En las secuencias finales, hechas a color, la artista se encuentra con una criatura en una playa derruida. El humanoide está hecho de vegetación, tecnología, carne y hueso; es como una reunión distópica de una nueva identidad. La transición se ha efectuado y el humano del pasado y del futuro se miran las caras. En el fondo, las ruinas quizás del Malecón habanero o de una ciudad genérica sirven de pretexto para acercarnos a la tesis del video. ¿Qué hay después del fin?, ¿qué hay después del reinicio? En tiempos en los cuales se está hablando de la posibilidad de la edición genética, del posthumano y del ciborg creado a partir de inteligencia artificial, el debate que nos trae este video sobrepasa las limitaciones habituales del contexto cubano. No hablamos aquí de la crisis nacional, ni siquiera de los problemas cotidianos que apuntan hacia la supervivencia o no de un proyecto político; sino que se viaja más allá, hacia el núcleo de lo que somos. Eme no quiere detenerse en una porción de la historia, no se casa con los relatos, sino que los usa para vertebrar una pieza de alto vuelo que en pocos minutos nos conduce a la reflexión, la crítica y el replanteo.
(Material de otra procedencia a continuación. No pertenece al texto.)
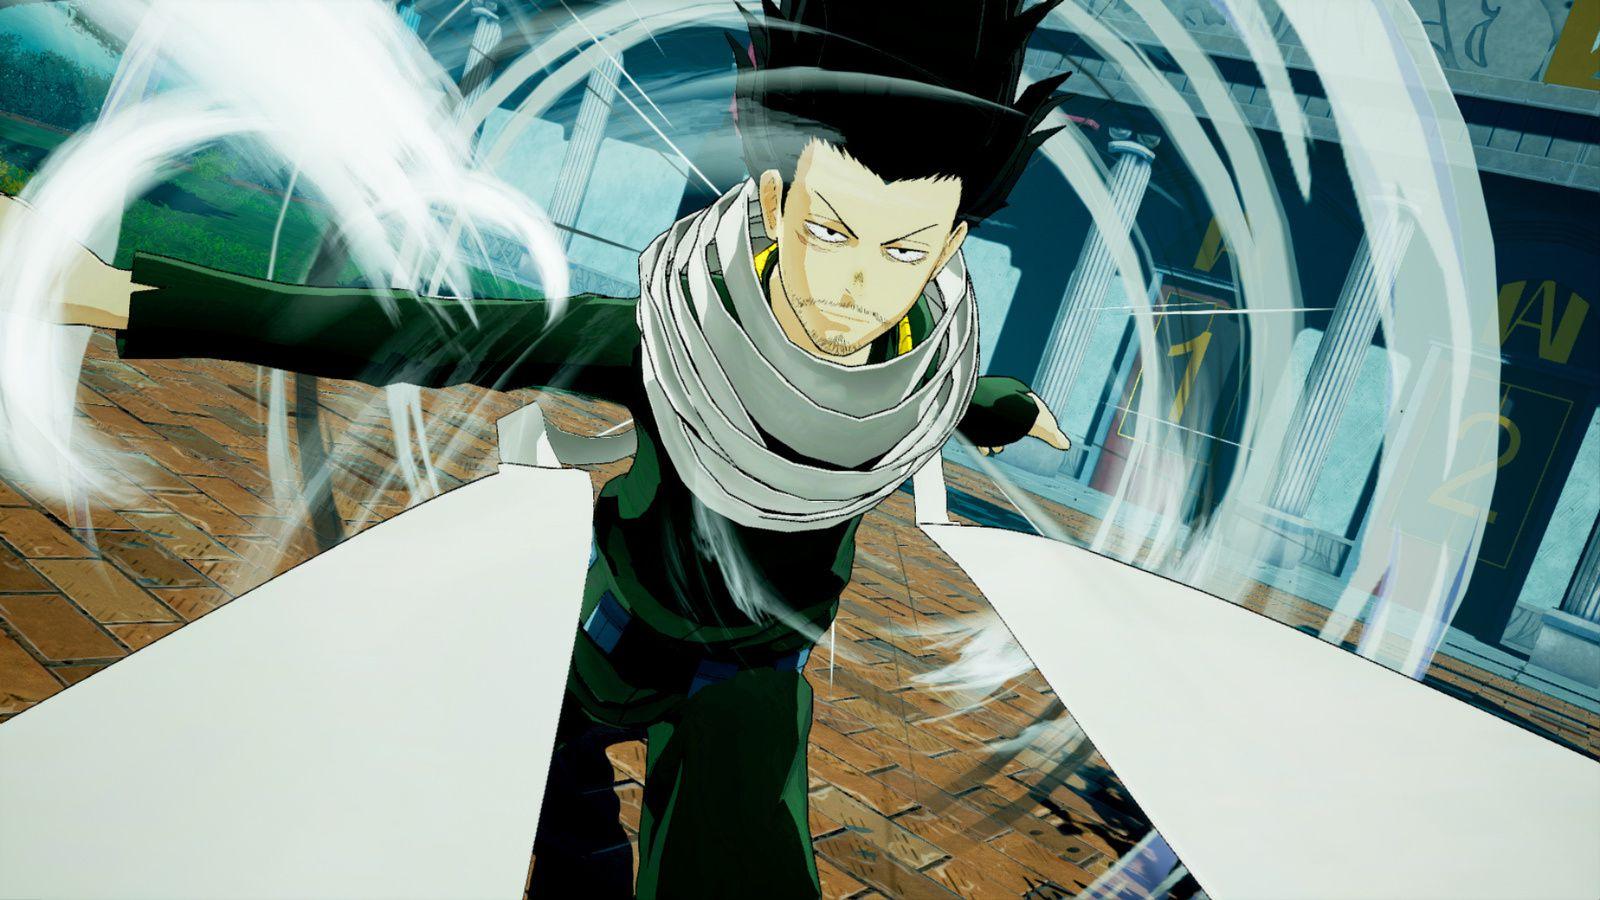 Stain et Shota Aizawa rejoindront le casting de MY HERO Game Project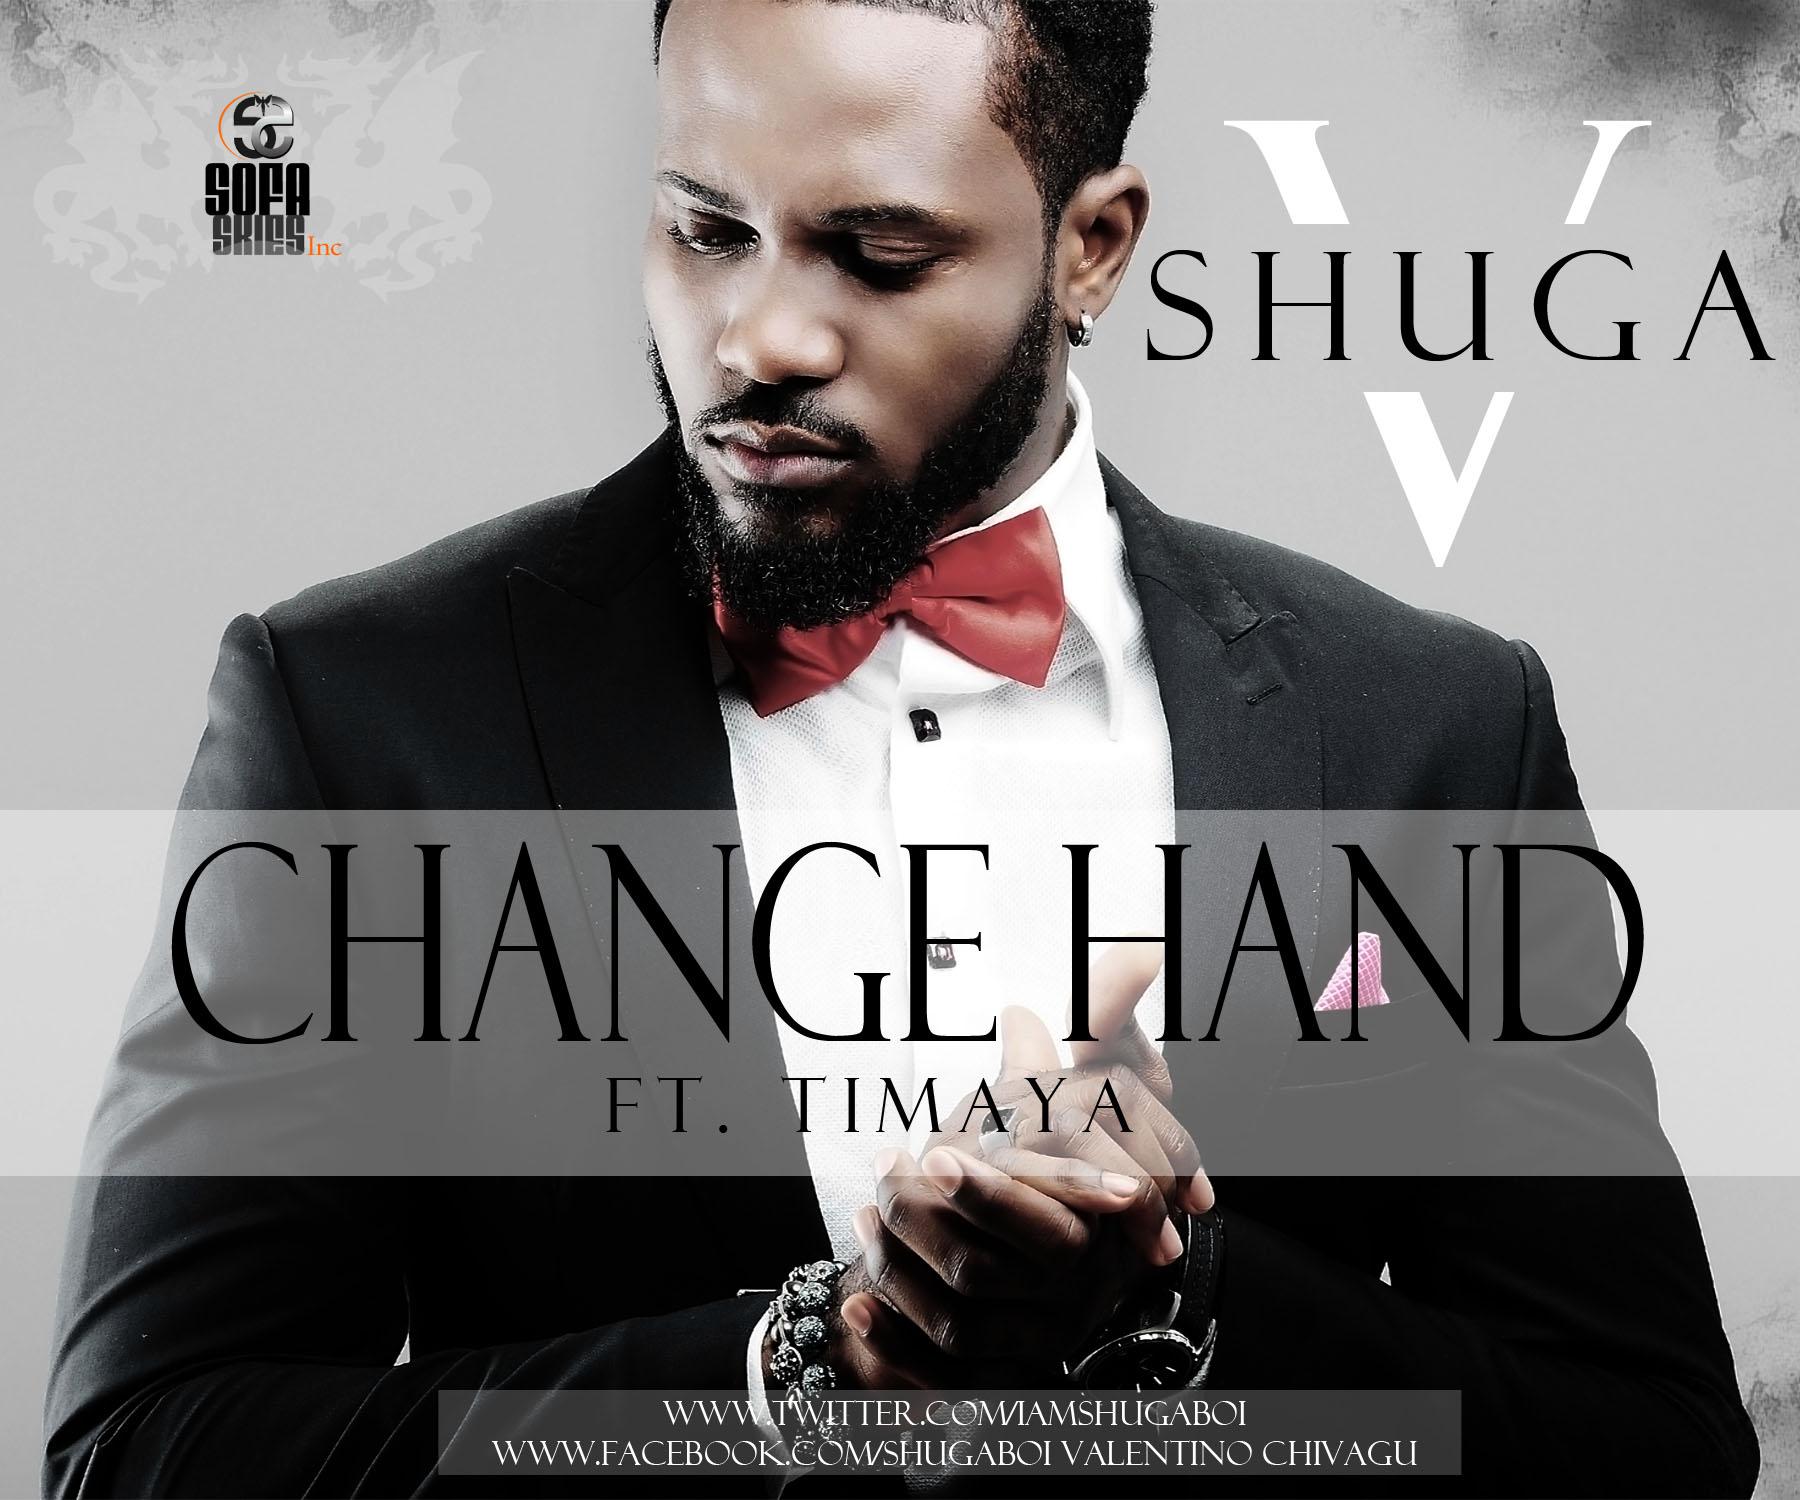 Shuga V ft. Timaya - CHANGE HAND [prod. by Phyno] Artwork   AceWorldTeam.com

En los segundos finales, la cámara se aleja y nos ofrece un plano general de la costa derruida desde el propio mar. El sonido de las olas y el ambiente líquido arrojan de nuevo el tema de la posmodernidad sin límites, que se mueve con la libertad de los ciclos. La vida comenzó en el mar y hacia allí regresa. Otras criaturas en el fondo de ese océano aparecen en un plano fugaz antes de que el video termine. Origen nos ha permitido avanzar como cubanos sobre un debate que nos pertenece y que puede contener claves muy propias para nuestro drama. La redefinición de identidades, el retorno a los inicios y la reconformación de fronteras; he ahí las claves.